Pandas and Friends
What does it do?
Pandas is a Python data analysis tool built on top of NumPy that provides a suite of data structures and data manipulation functions to work on those data structures. It is particularly well suited for working with time series data.
Getting Started - Installation
Installing with pip or apt-get::
pip install pandas
# or
sudo apt-get install python-pandas
- Mac - Homebrew or MacPorts to get the dependencies, then pip
- Windows - Python(x,y)?
- Commercial Pythons: Anaconda, Canopy
Getting Started - Dependencies
Dependencies, required, recommended and optional
# Required
numpy, python-dateutil, pytx
# Recommended
numexpr, bottleneck
# Optional
cython, scipy, pytables, matplotlib, statsmodels, openpyxl
Pandas’ Friends!
Pandas works along side and is built on top of several other Python projects.
-
IPython
-
Numpy
-
Matplotlib
Pandas gets along with EVERYONE!
Background - IPython
IPython is a fancy python console.

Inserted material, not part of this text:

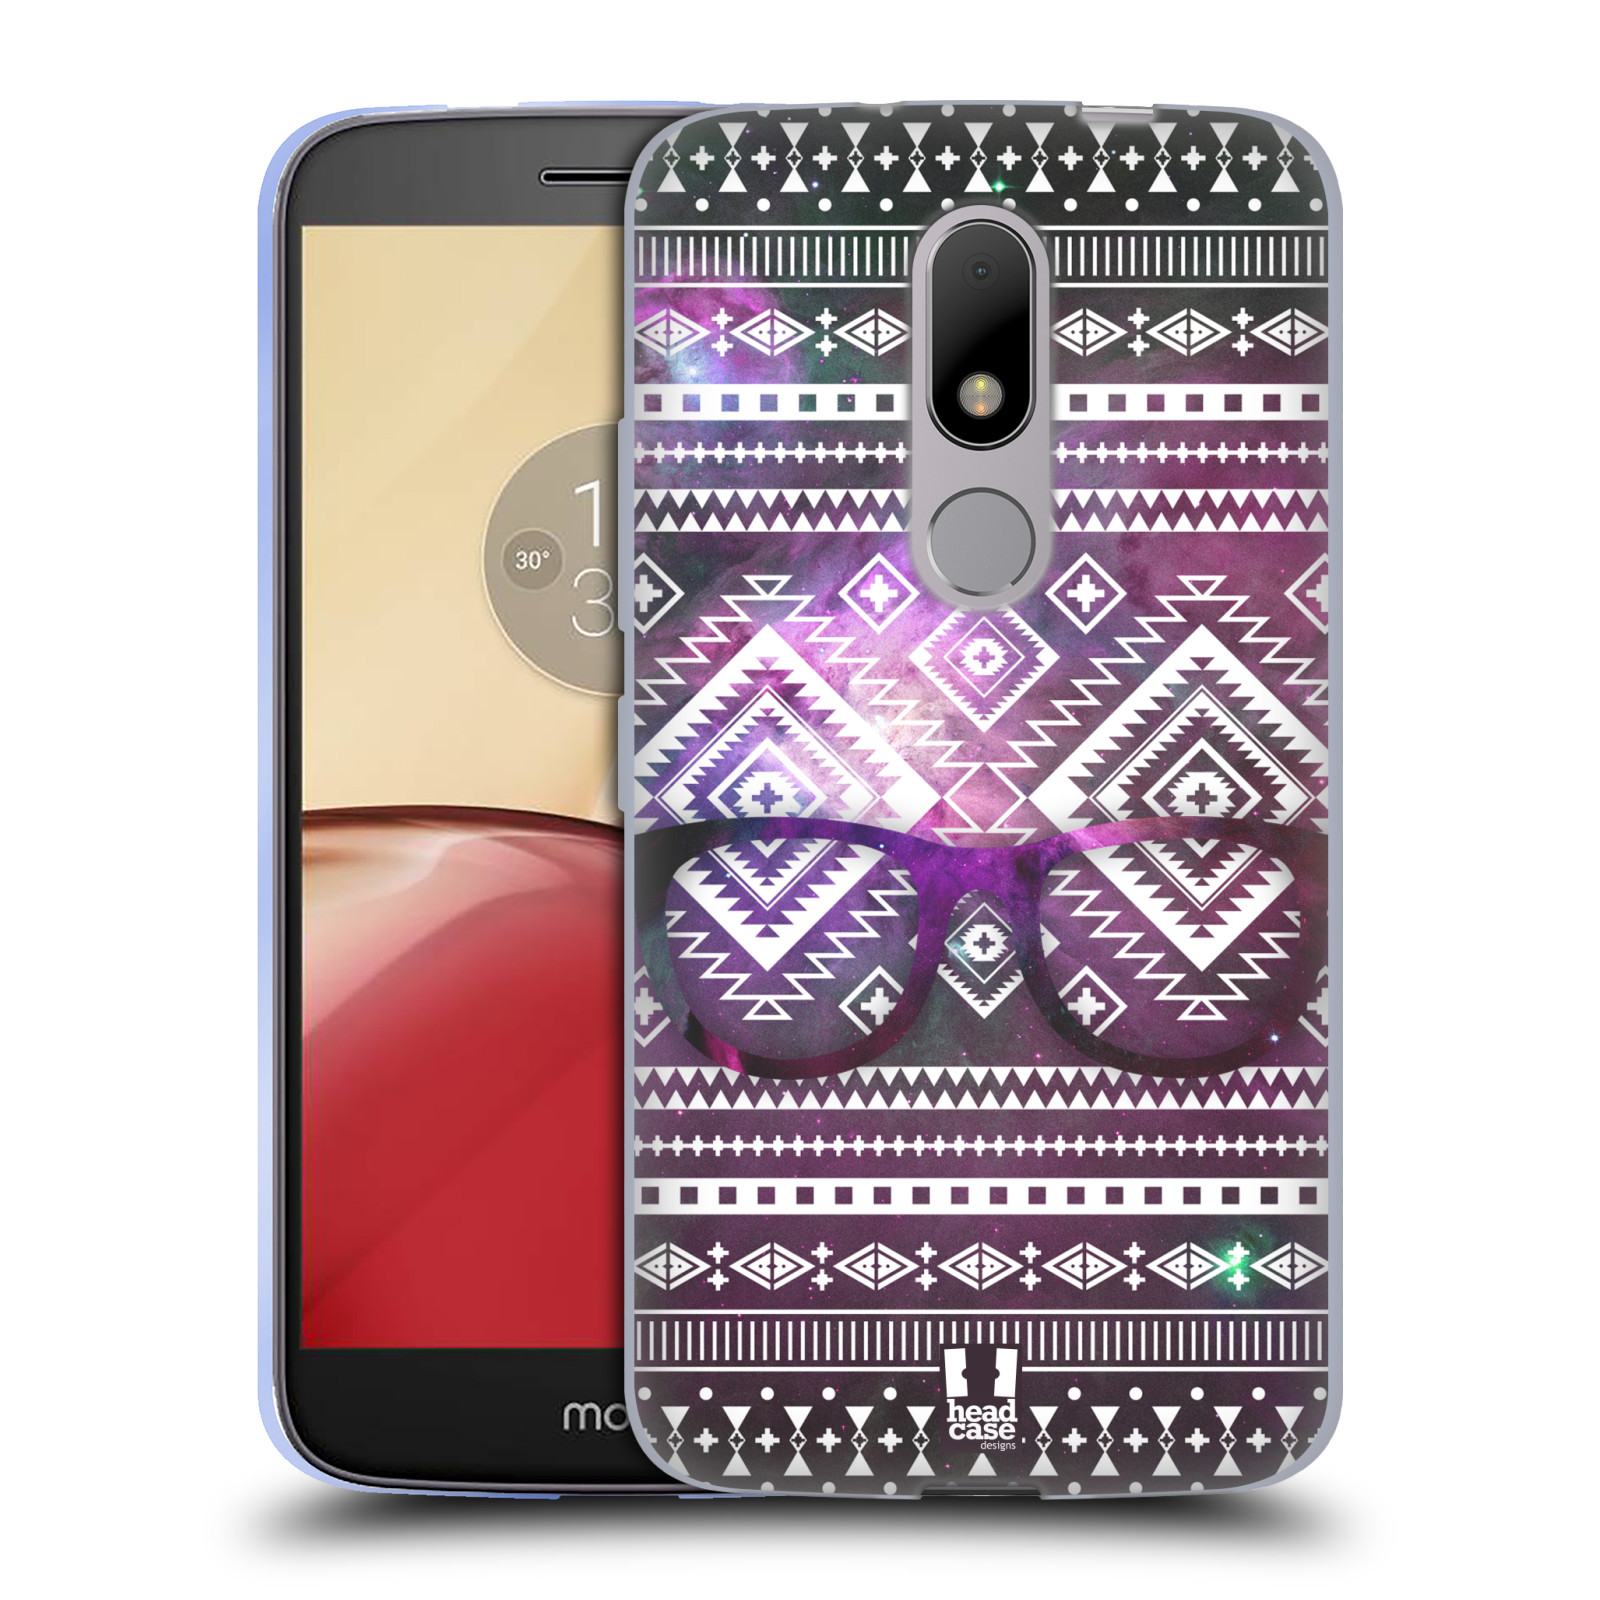 Silikonové pouzdro na mobil Lenovo Moto M - Head Case NEBULA BRÝLE (Silikonový kryt či obal na mobilní telefon Lenovo Moto M (Dual Sim))

Try running ipython or ipython --pylab on your command line. Some IPython tips
# Special commands, 'magic functions', begin with %
%quickref, %who, %run, %reset
# Shell Commands
ls, cd, pwd, mkdir
# Need Help?
help(), help(obj), obj?, function?
# Tab completion of variables, attributes and methods
Background - IPython Notebook
There is a web interface to IPython, known as the IPython notebook, start it like this
ipython notebook
# or to get all of the pylab components
ipython notebook --pylab
IPython - Follow Along
Follow along by connecting to TMPNB.ORG!
Background - NumPy
- NumPy is the foundation for Pandas
- Numerical data structures (mostly Arrays)
- Operations on those.
- Less structure than Pandas provides.
Background - NumPy - Arrays
import numpy as np
# np.zeros, np.ones
data0 = np.zeros((2, 4))
data0
array([[ 0., 0., 0., 0.],
[ 0., 0., 0., 0.]])
# Make an array with 20 entries 0..19
data1 = np.arange(20)
# print the first 8
data1[0:8]
array([0, 1, 2, 3, 4, 5, 6, 7])
Background - NumPy - Arrays
# make it a 4,5 array
data = np.arange(20).reshape(4, 5)
data
array([[ 0, 1, 2, 3, 4],
[ 5, 6, 7, 8, 9],
[10, 11, 12, 13, 14],
[15, 16, 17, 18, 19]])
Background - NumPy - Arrays
Arrays have NumPy specific types, dtypes, and can be operated on.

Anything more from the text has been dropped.